TiVo. Remember when it first launched?

“The death of the thirty second spot!” “The end of TV advertising as we know it!”

This was one of the big scare stories when I first started in media, all those years ago. Endless column inches were devoted to the topic in the trade press, and it was the main issue raised at every media event.

With hindsight we can say that many of the predictions made about TiVo’s impact on the TV industry were a little wide of the mark. Yes, TV audiences continue to fragment, and younger viewers are increasingly consuming their AV content by other means. But the 30” spot is still going strong, and many UK advertisers continue to invest in traditional TV spots, driving double digit price inflation.

So what can this storm in a teacup fifteen years ago tell us about how to treat the current frenzy of hyperbole surrounding ad-blocking? Does this technology, which burst into the limelight recently with the launch of iOS9, really represent a dire, existential threat to our industry?

Let me start by quoting an excellent recent article in Adage:

“Advertising … pays for the ability for nearly anyone around the world to type in any URL and have content of unimaginable variety appear on a screen. Advertising also subsidizes the cost of apps, which can take hundreds of thousands of dollars to produce, but are often free or low-priced. Without advertising, digital content and services either will vanish, or the cost for their production and distribution will come directly from consumers’ wallets.”

Why state the obvious, you might ask?

Well most laymen will automatically come down on the side of the ad blocking consumer. They have decided that digital advertising is BAD – too intrusive, too invasive, too interfering – and that ad-blocking is simply destroying something that deserves to be destroyed.

However I firmly believe that consumers just aren’t going to start paying (or at least paying much more) for content and apps. Consumers simply won’t be able to have their cake and eat it.

So, does this mean that the industry can sit back complacently and wait for the storm to blow over? Well, no. The available research suggests that consumers, and particularly young consumers, are using ad-blocking technology to a significant degree, with around 20% of UK users having installed one.* And we must of course remember the first rule of marketing – listen to the consumer. In this case the consumer is telling us that the interruptive formats we’ve resorted to just aren’t working.
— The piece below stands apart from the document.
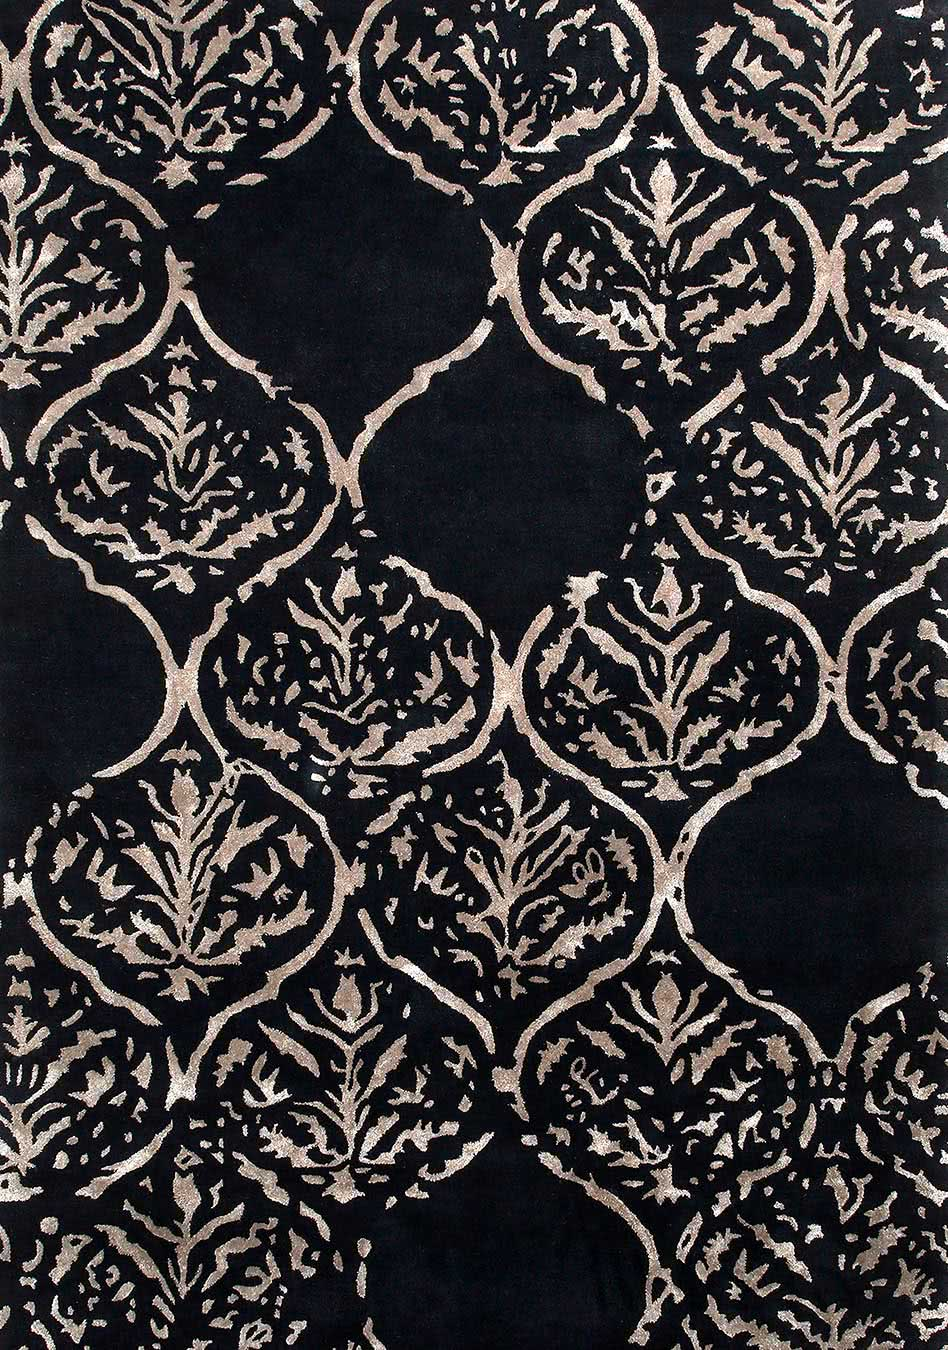 Othello rug in dark navy colourway overhead image

In order to find a balance, digital advertising will have to evolve. Much of the industry debate has come from publishers for the simple reason that it is having a direct impact on their revenues. However, the voice of advertisers has been less apparent, because it is a less immediate issue for our industry – after all, you don’t pay if an ad is blocked. But there is no room for short-termism – we need to confront this challenge face on and start changing our behaviour.
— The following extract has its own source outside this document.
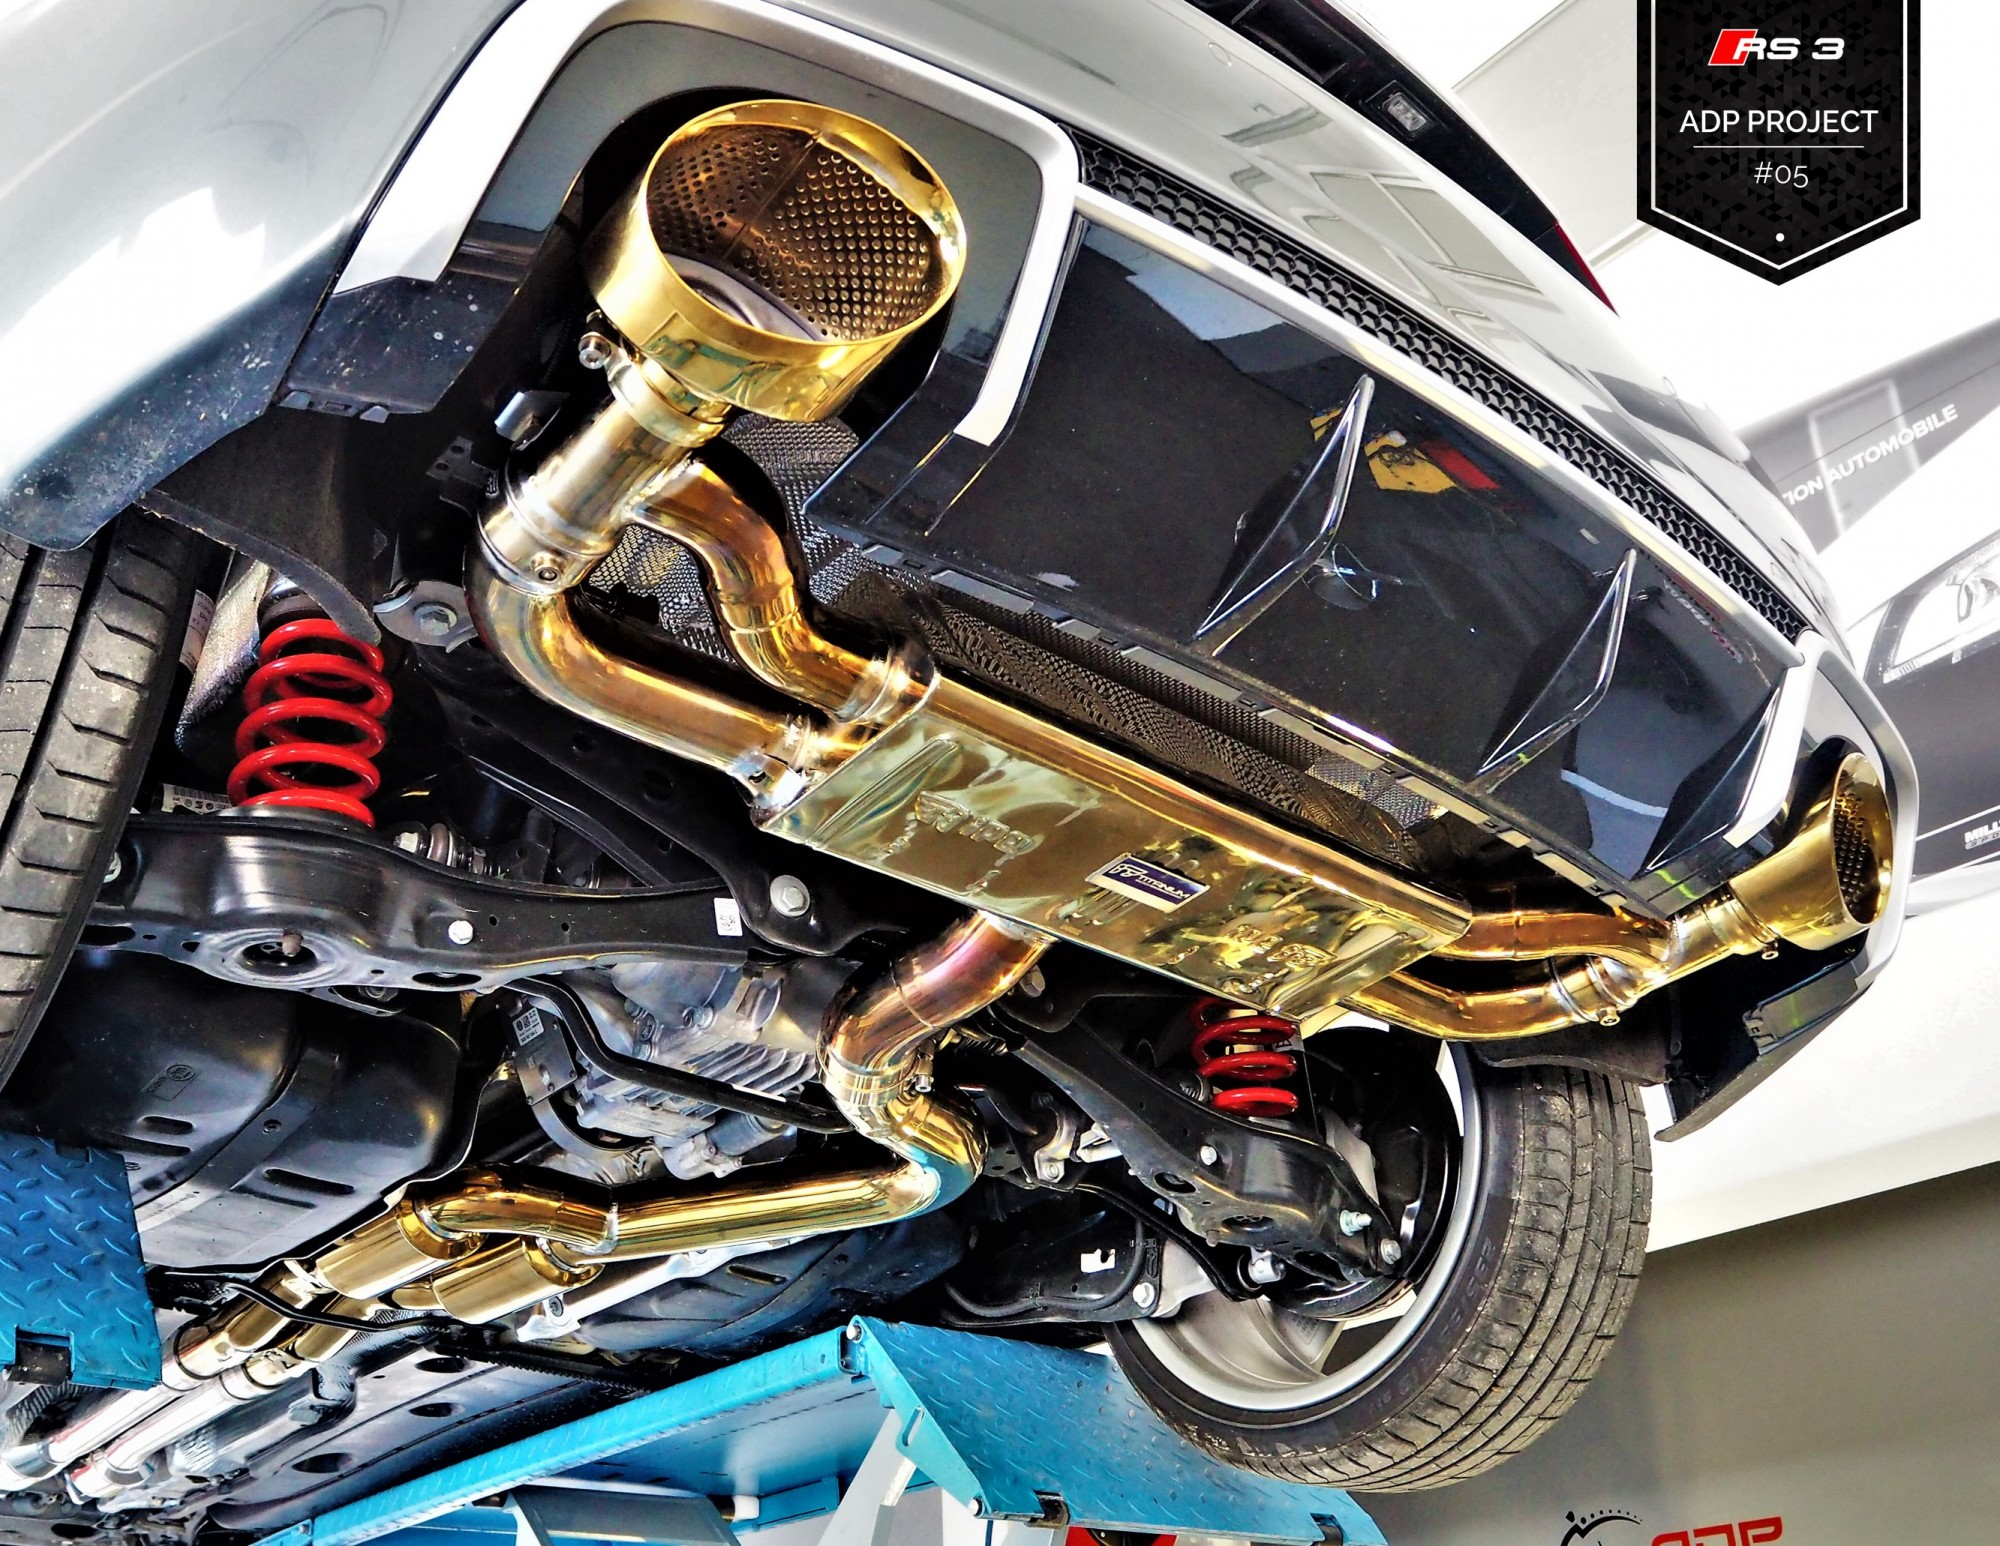 Echappement iPE Innotech Titane Salon de Provence - Audi RS3 8V ADP Performance

So, here are some perhaps obvious but nevertheless fundamental ways in which advertisers can win back the disillusioned consumer:

  1. Create entertaining, moving, helpful and inspirational creative. If you want their attention, then you need to make ads that deserve it!
  2. Steer clear of intrusive ad formats. Remember why the consumer is there in the first place – native formats or content-led partnerships with key publishers may give a better experience. Consumers also respond well to video when in the form of skippable formats that allow them to feel in control.
  3. Employ more sophisticated targeting – either use data you’ve built up yourself, or buy in third-party data to better understand your audience and show them appropriate messages wherever possible.
  4. Buy inventory on better quality sites. Do you know where your ads are appearing? Even users that have ad blocking software installed may make allowances for sites that they want to actively support.

My predictions of how this is going to play out?

  • Inevitably, some publishers’ won’t continue to exist in their current form, and some may not survive the cull at all, especially if they don’t offer unique, quality content.
  • Advertisers will also have to change their behaviour. This is no bad thing, as improving the quality of digital advertising will be beneficial for the industry as a whole.
  • Consumers will continue to enjoy free, ad-supported online content in one way or the other.